This is a question I get a lot, especially from our B&B guests or customers at a market, conference or show. So perhaps I should begin the new year with an introduction.
My husband, Keith, and I have been married for 35 years now. In the beginning, I would have laughed if someone had told me that I would run a farm and raise goats and alpacas. Me? No way.
I thought my parents had lost their minds when they moved their family three miles out of town when I was in 10th grade. You would have thought they had moved us to the ends of the earth. But I think the beauty and the space there planted seeds deep inside of me.
We have been blessed with six children, one who has special needs. About 15 years ago, CeciGrace had a major leg surgery which required her to be wheelchair bound. Our home in town was a three level house with no full bathroom or bedroom on the main floor. Every morning and night, Keith and I would carry Cecily upstairs in her wheelchair. We would have to decide while in the living room which side we needed to be on to assist Cecily in the narrow bathroom upstairs. Or one of us would have to leap over the bathroom counter! One night Keith and I started laughing (we chose laughing over crying which has been a theme throughout most of our trials and life). Keith told me that we were only going to be older and weaker while CeciGrace would be bigger and heavier. He said we needed to move to a home that better accommodated for her needs. Huffing and puffing, I agreed!
The hunt began for an accessible home...and while we were at it, Keith requested that we get some land for breathing room. We absolutely did not want to build and started to look. Well, God has a sense of humor and His plans are many times different than what we first imagine. Always infinitely better.
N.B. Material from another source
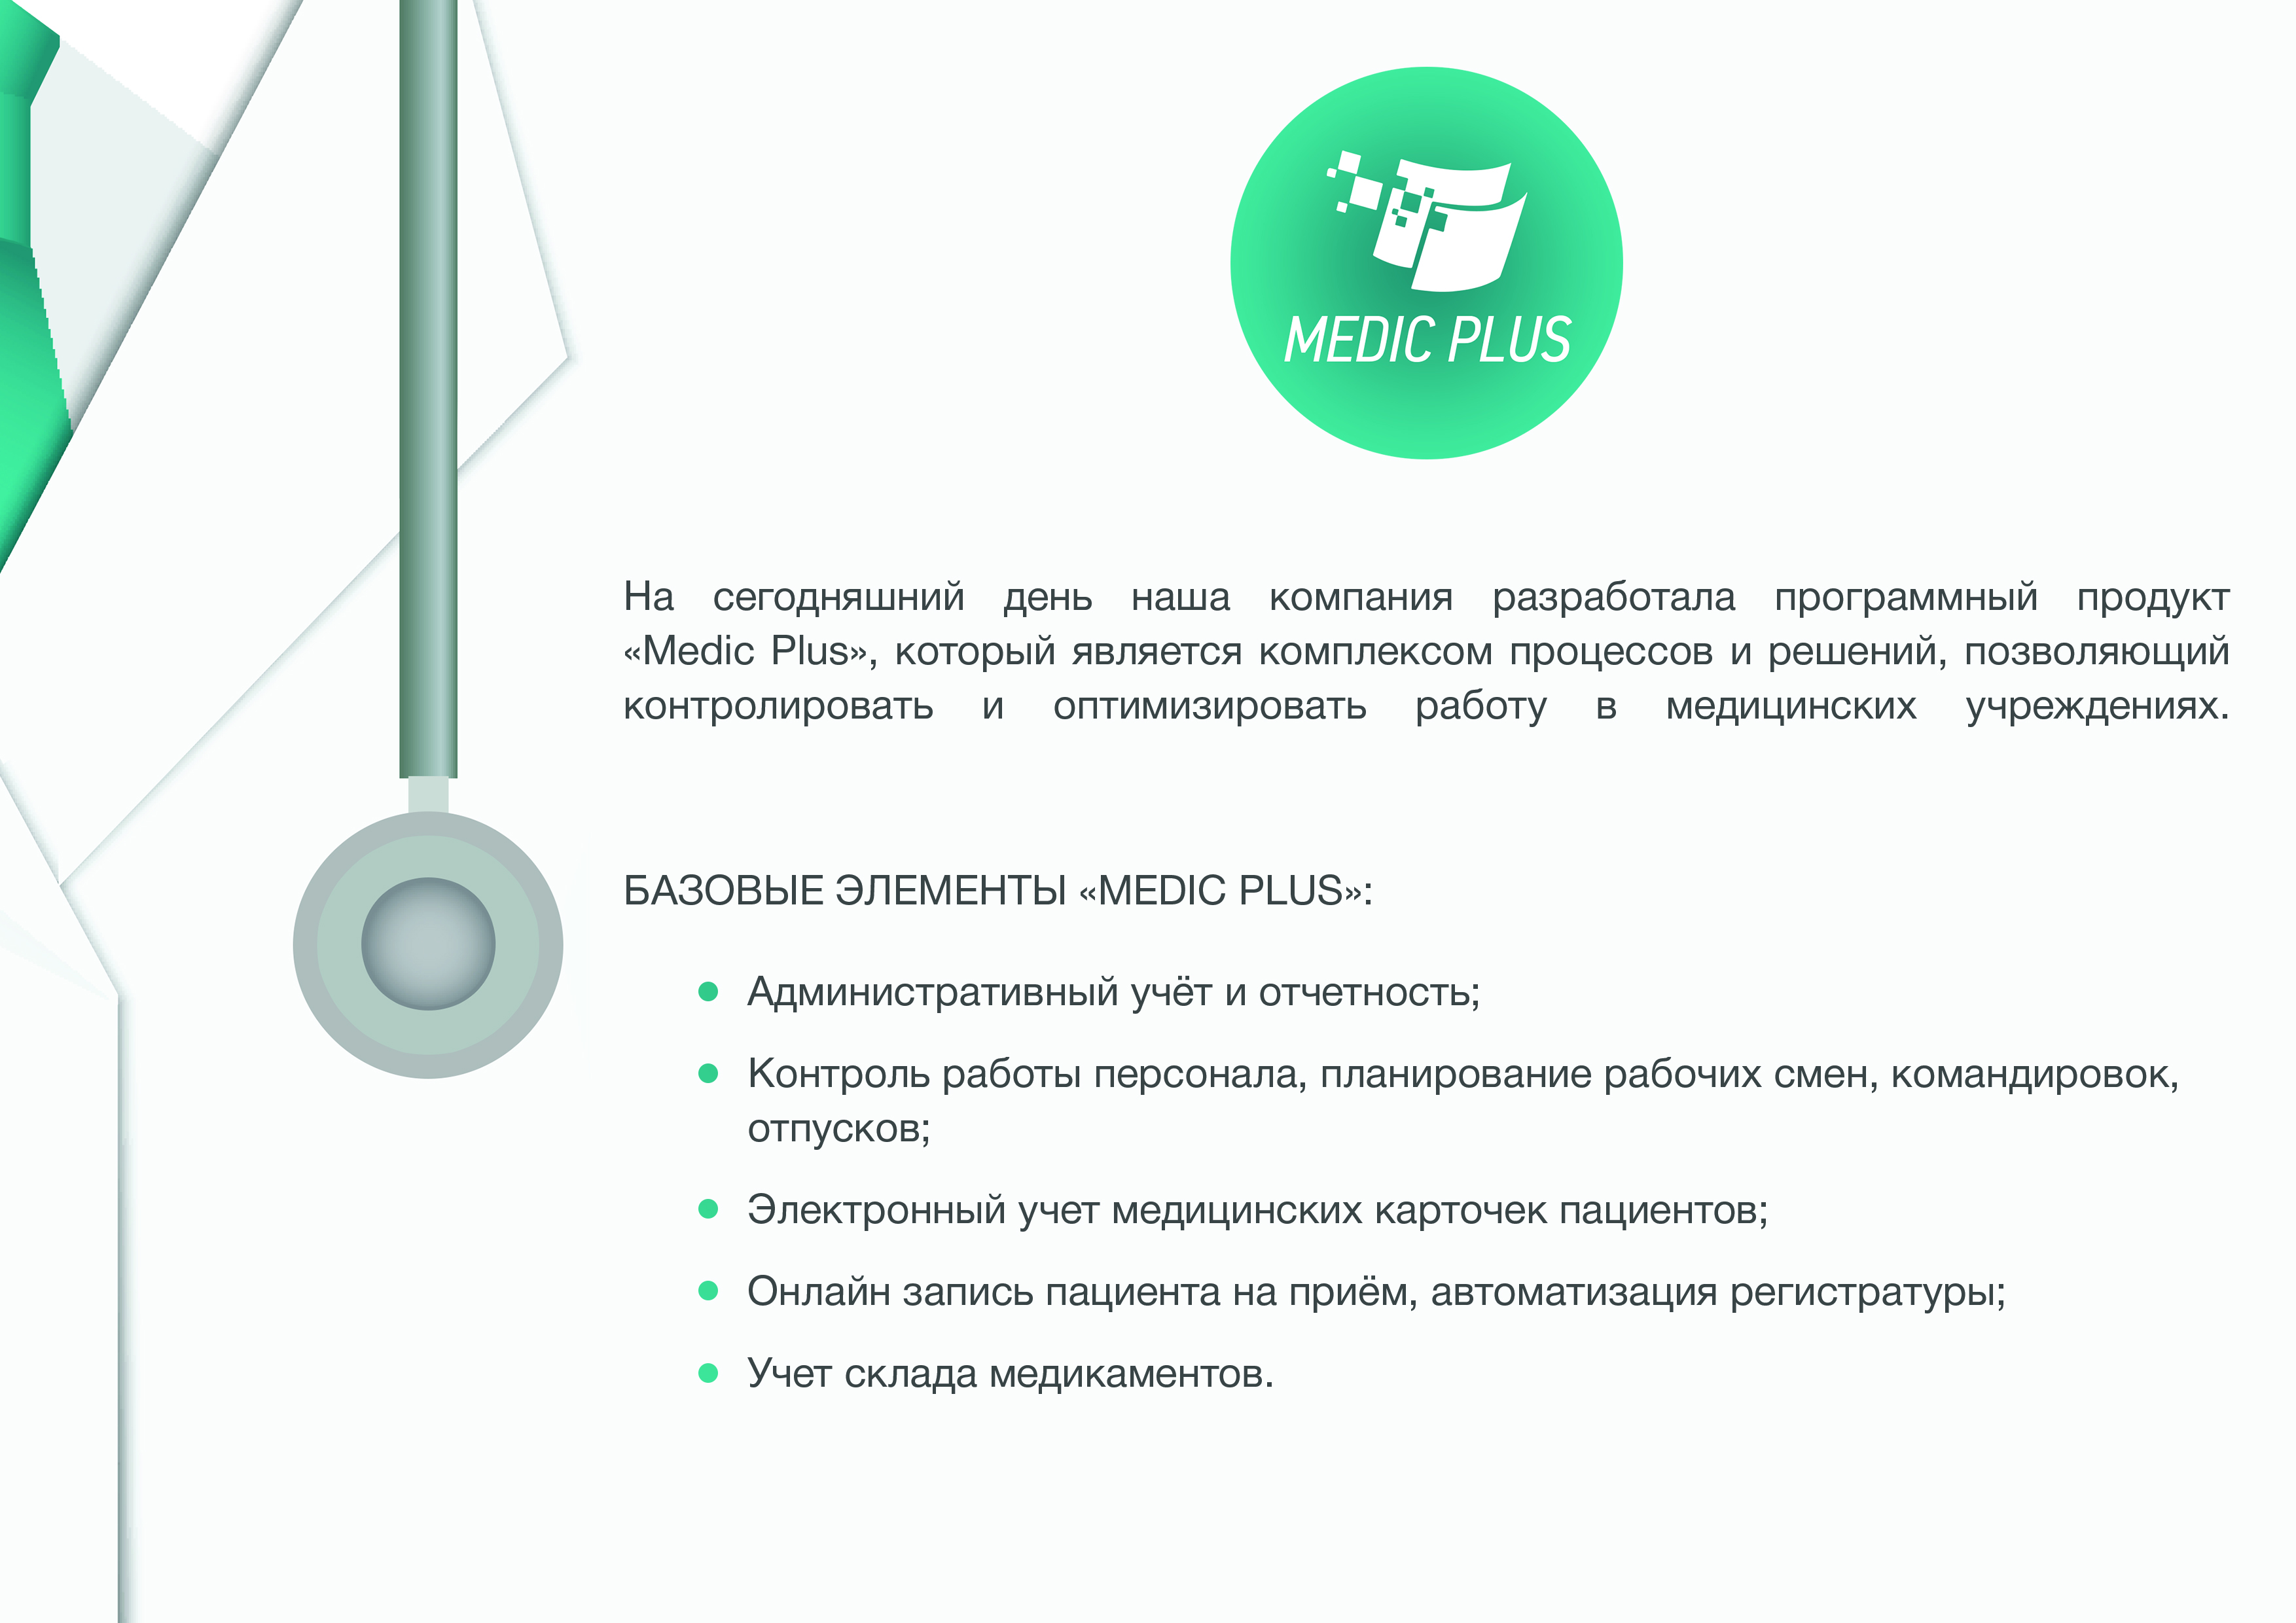 Medic Plus presentation img1

Always.
We found one home that we loved and it would work for our needs; however, the details did not work out. Our realtor mentioned that she knew the contractor who had built that home. We contacted him and he said, "Uhm, yeah, I've got those house plans in the corner of my office. Where would you like to build?" Again, an infinitely better plan as we were able to get more acreage, better location, and personalized the floor plans to even better suit our family's needs.
We still had no idea our farm was being established as that first footing was dug.
After a year of building, we moved into our farmhouse. And then I started looking at all of the land surrounding us. I wanted to put some of it to use.
Another one of our children could not tolerate cows milk and I loved to read all about those homesteading stories. The conclusion of those two facts? How hard would it be to just have two goats for milk?
We started with two Oberhasli goats, DaisyMae and Marigold. Our first goat kid was named Tulip. And the milk production began.
What did a person do with all the milk DaisyMae and Marigold produced? Oh my goodness. There was only so much my family could drink. So I made goat milk ice cream, chevre, fed the chickens ... and started reading those homesteading books again. A person could make soap from goat milk and there were so many benefits!
I handcrafted three varieties and it cleared up some ongoing skin issues that our children had. Plus, it was magical making soap and watching oils and milk combine to become a loaf of soap. Amazing.
Soap making and goat breeding created the need to name our little hill where we lived. Oh, the ideas that were tossed around ...nothing felt right.
The first spring we lived here, I was disappointed in that we did not have trees on our property and there were no wildlife. Remember how God's ways are always best? Well, He gave me the beautiful song of the Meadowlark to brighten that first spring and to show me that the outside was indeed full of His creation. Meadowlark. That was the first word.
We also wanted our new home to be used in raising our children, to teach them a solid work ethic, to learn animal husbandry, to be thankful for the gorgeous views and amazing sunsets. We wanted to give them a rich heritage. Heritage. That was the second word.